Bazen insan kendinden bile kaçmak
isterken, bu kadar hızlı bir dünyada, nasıl yalnız kalabilir ki? Her taraftan
uyarıcılar telefon, bilgisayar, televizyon... Sokaklar gürültü yeri. Bir türlü
dingin, asude olamıyor insanoğlu. En önemlisi ise kendisini dinlemesi lazımken,
nedense hep bir başkasını dinlemeyi tercih ediyor. Hep bir başkasının derdine
çare olmaya çalışıyor, ya kendisine?
Bu kadar karmaşanın, hızlılığın olduğu
bir dünyada içsel sesin bir şey dediğini ancak sakin ve sessiz bir ortamda
duyabiliriz. İçimde ki ses bana ne diyor, hiç kulak verdik mi? Acaba duysak
içimizde ki sesi, hayatımızda ne değişir ki? Gerçekten duymak istiyor muyuz?

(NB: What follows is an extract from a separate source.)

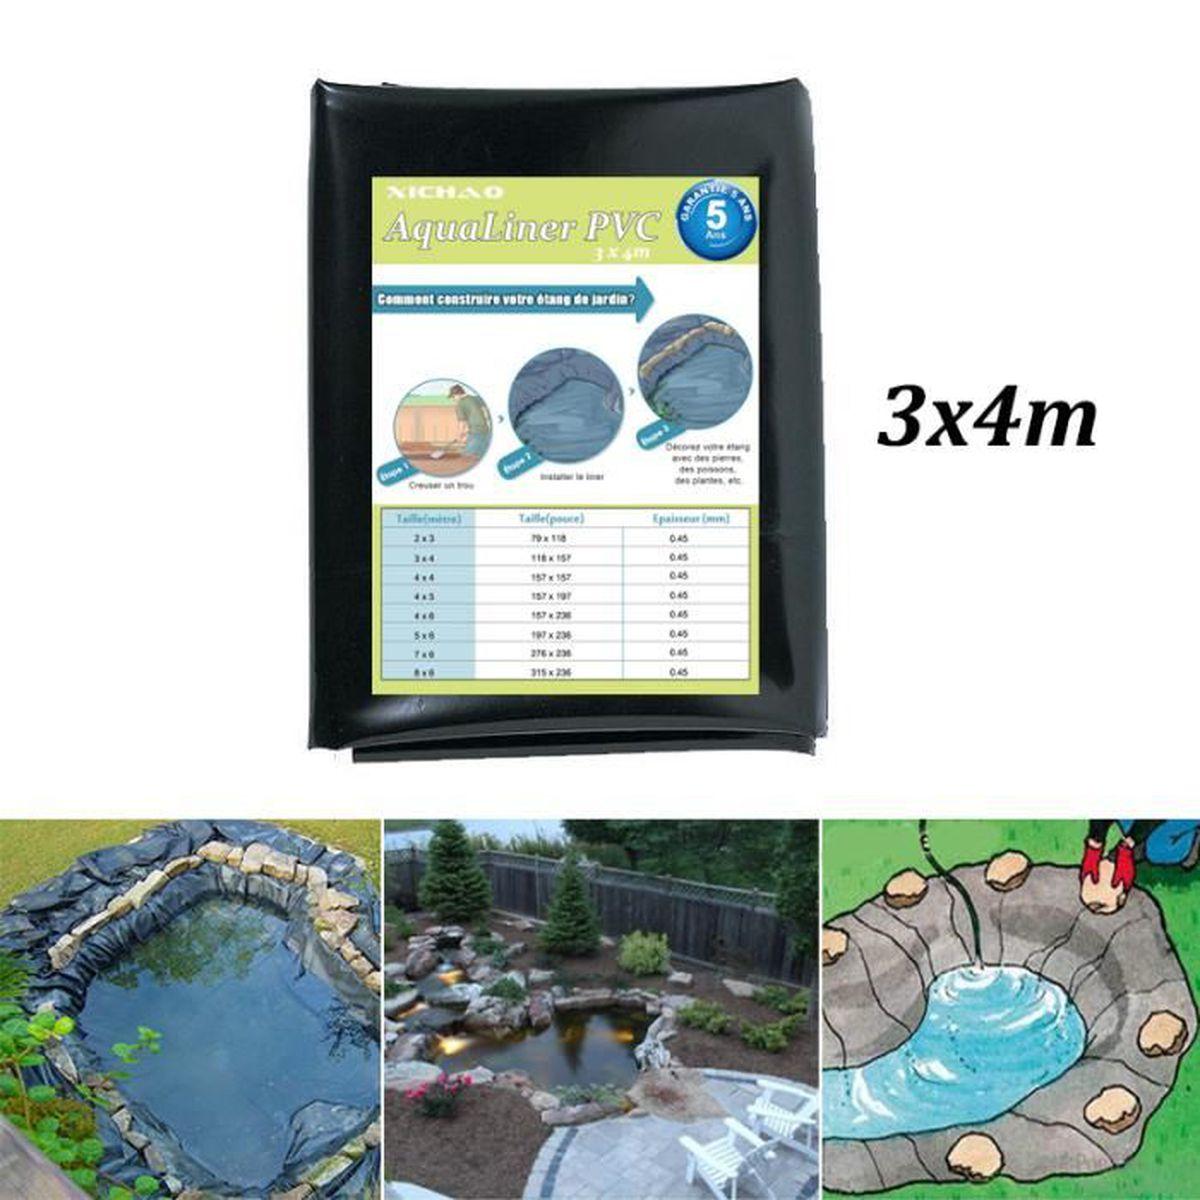 Comment Faire Un Etang Avec Une Bache 4m x 3m bâche bassin anti-infiltration en pvc pour

Kulak verdiğimiz zaman, o sesi hayatımıza tatbik edebilir miyiz? Yoksa korkuyor
muyuz, değişiriz diye. Peki, sürekli aynı meyyal üzere mi olur hayatımız? Bir
çizgi üzerine devamlı aynı yol aynı güzergâh. İnişler, çıkışlar, varlar,
yoklar... Hz. Mevlana Fihi Ma Fih de bir hikâyesinde der ki "Medresede
hoca ders verirken eğilimli bir duvar yıkılır. Hoca belirli bir süre gülümser.

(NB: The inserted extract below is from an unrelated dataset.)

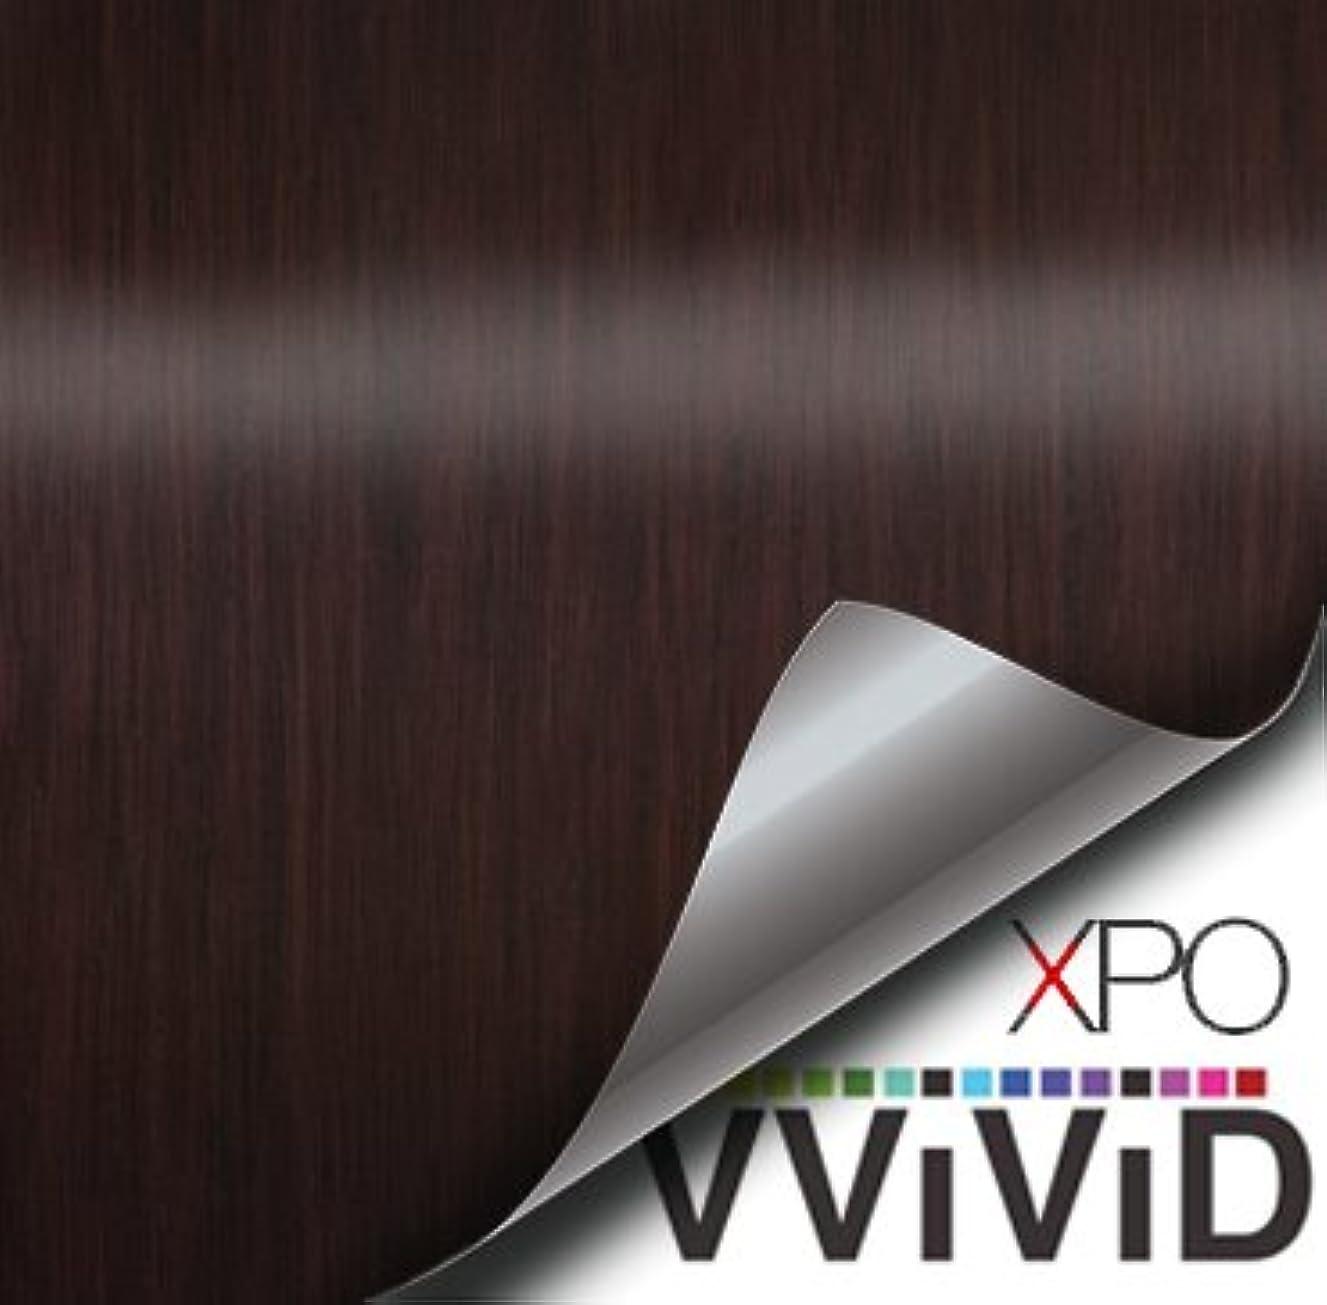 VViViD Wood Grain Textured Adhesive Craft 12

Öğrenciler hocanın duvar yıkılmasında ki gülümsemesin amacını
anlayamayınca hoca" Duvar meyyali üzere olduğu yöne yıkıldı, biz de
meyyalimiz yönünde yıkılırız inşallah" der.
Aslında hayat bir varmış, bir yokmuş
masalı gibi. Bugün olanlar bir an yanımızdan göçüp gidiyorlar. Bu kadar hızlı
bir yaşam literatürünün hayatımız da olması, hem bedensel hem zihinsel
yorgunluğa sebep olacağı aşikâr olduğu halde, hayatı
hazmede hazmede yaşamak daha eftal diye düşünüyorum naçizane.
Kırda açan bir çiçeğin kokusunun
yüreğimize verdiği zevkin, sonbahar da düşen bir yaprağın ömrümüze kıyasla
bizimde bir gün gideceğimizin, yağan bembeyaz bir kâr tanesinin nasıl ki
gökyüzünde ki süzülüşün gözlerimize verdiği revnaklığını tefekkür edemiyorsak,
biraz düşünmemiz lazım.
Geri döndü beyaz sakallı kişi, dönerken
bir beyit vardı dilinde Şeyh Gâlib'ten "Hoşça bak zâtına kim zübde-i
âlemsin sen Merdüm-i dîde ekvân olan âdemsin sen/Kendine dikkatlice bir bak;
sen âlemin özüsün. Sen varlıkların gözbebeği olan insansın.”